A refreshed MobileMe would also come as Apple sharpens its cloud computing strategy. Just last week, Apple posted a job listing seeking a Cloud Systems Software Engineer. The listing, which was later changed to indicates that Apple will form a small team to write software that "forms the foundation" of some of Apple's "most exciting new products and services." The posting adds that the ideal candidate will have experience "designing, implementing and supporting highly scalable applications and Web services" and will "collaborate with cross-functional engineering teams to define and implement some of the company's core backend platform frameworks and systems."

Apple also recently brought aboard a Microsoft cloud computing guru to help it hone its cloud offerings. Earlier this week, Microsoft confirmed for CRN that Kevin Timmons, its general manager of Datacenter Services, has left his post.

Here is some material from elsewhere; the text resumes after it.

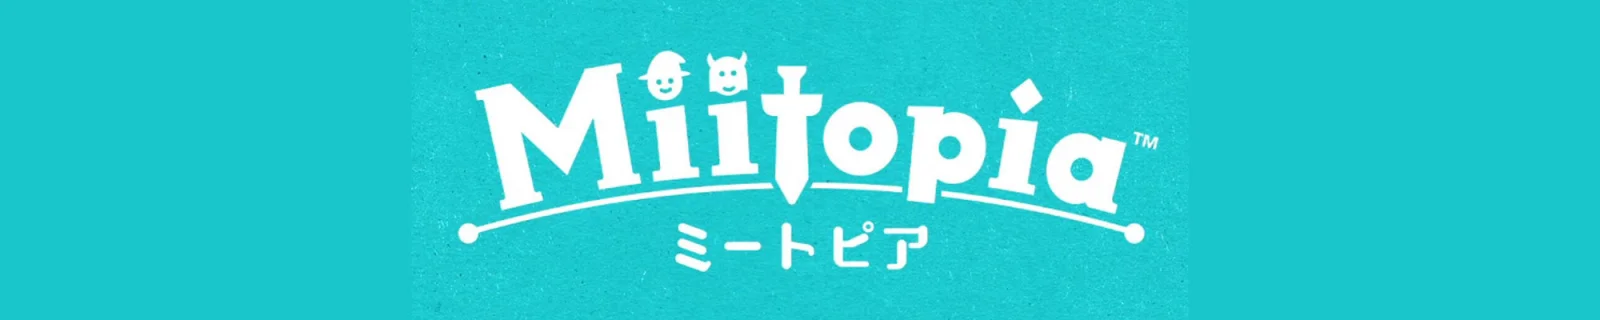 《Miitopia》将于12月8日发售，预告篇试玩今日配信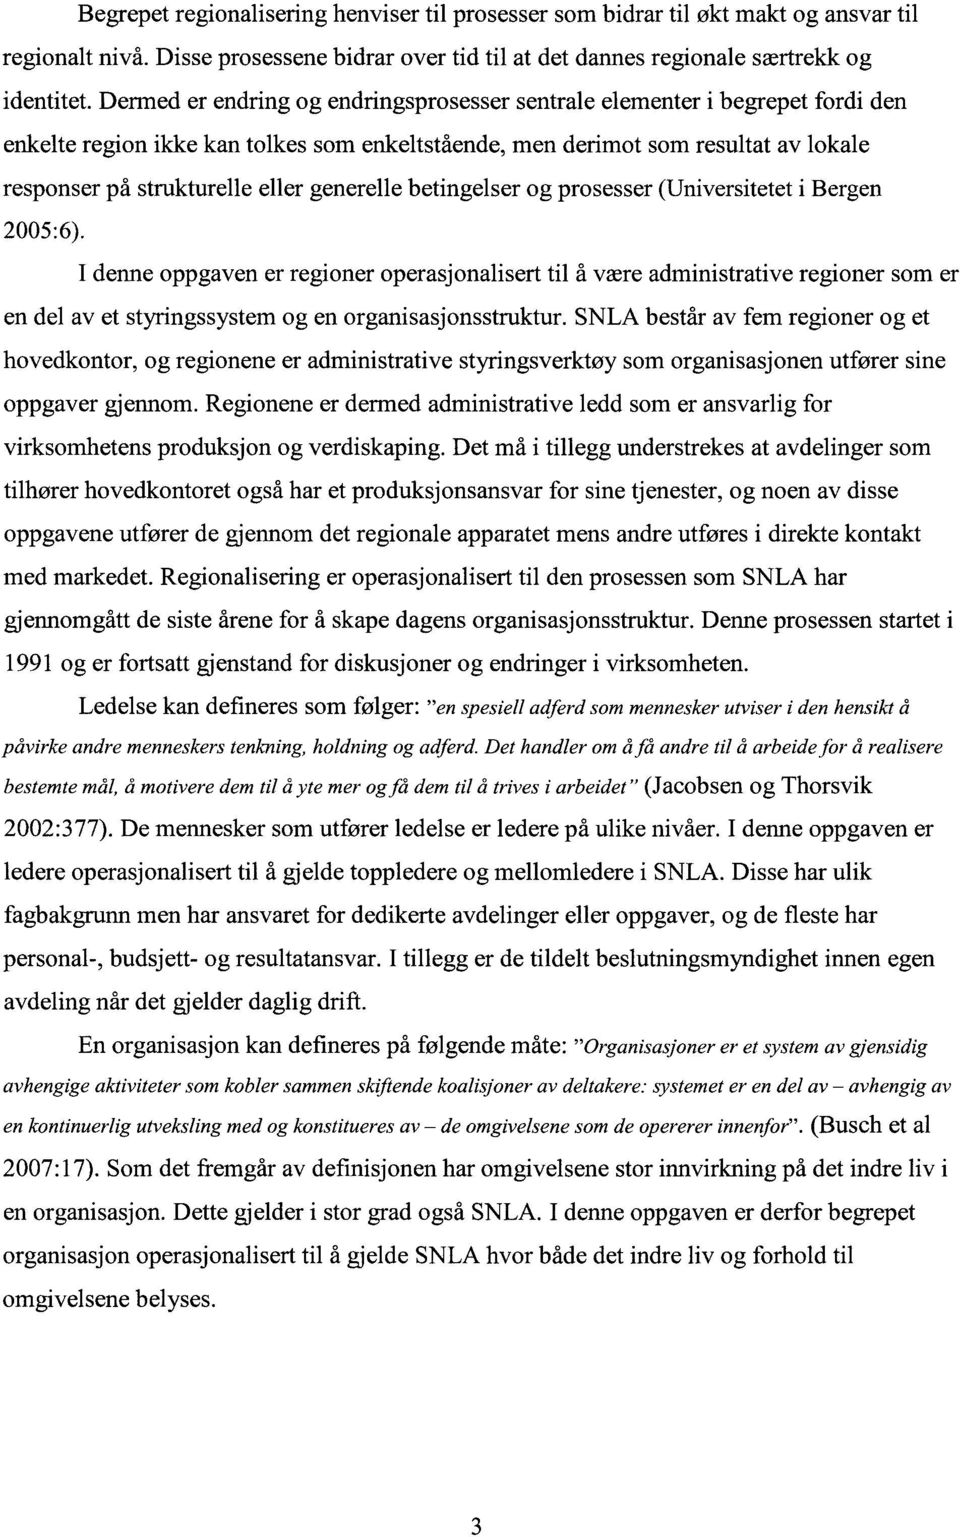 generelle betingelser og prosesser (Universitetet i Bergen 2005:6).

"Kevin Timmons, general manager of Datacenter Services, has decided to pursue other career opportunities and is no longer working at Microsoft. We appreciate the contributions he made to Microsoft during his time here," Dayne Sampson, corporate vice president of Global Foundation Services at Microsoft, said in a statement e-mailed to CRN.

While Microsoft would not say where Timmons is heading, a report from Data Center Knowledge cites industry sources saying that Timmons was wooed away from Microsoft by Apple.

Timmons was instrumental in Microsoft's build out of data centers to support its cloud computing initiatives.

His new duties are unclear, but it's likely that Timmons was tapped to help Apple bulk up its data center plays to accommodate more cloud offerings. Apple has already built a massive data center in North Carolina, which is expected to be fully operational come spring and could serve as the hub for Apple's cloud computing push.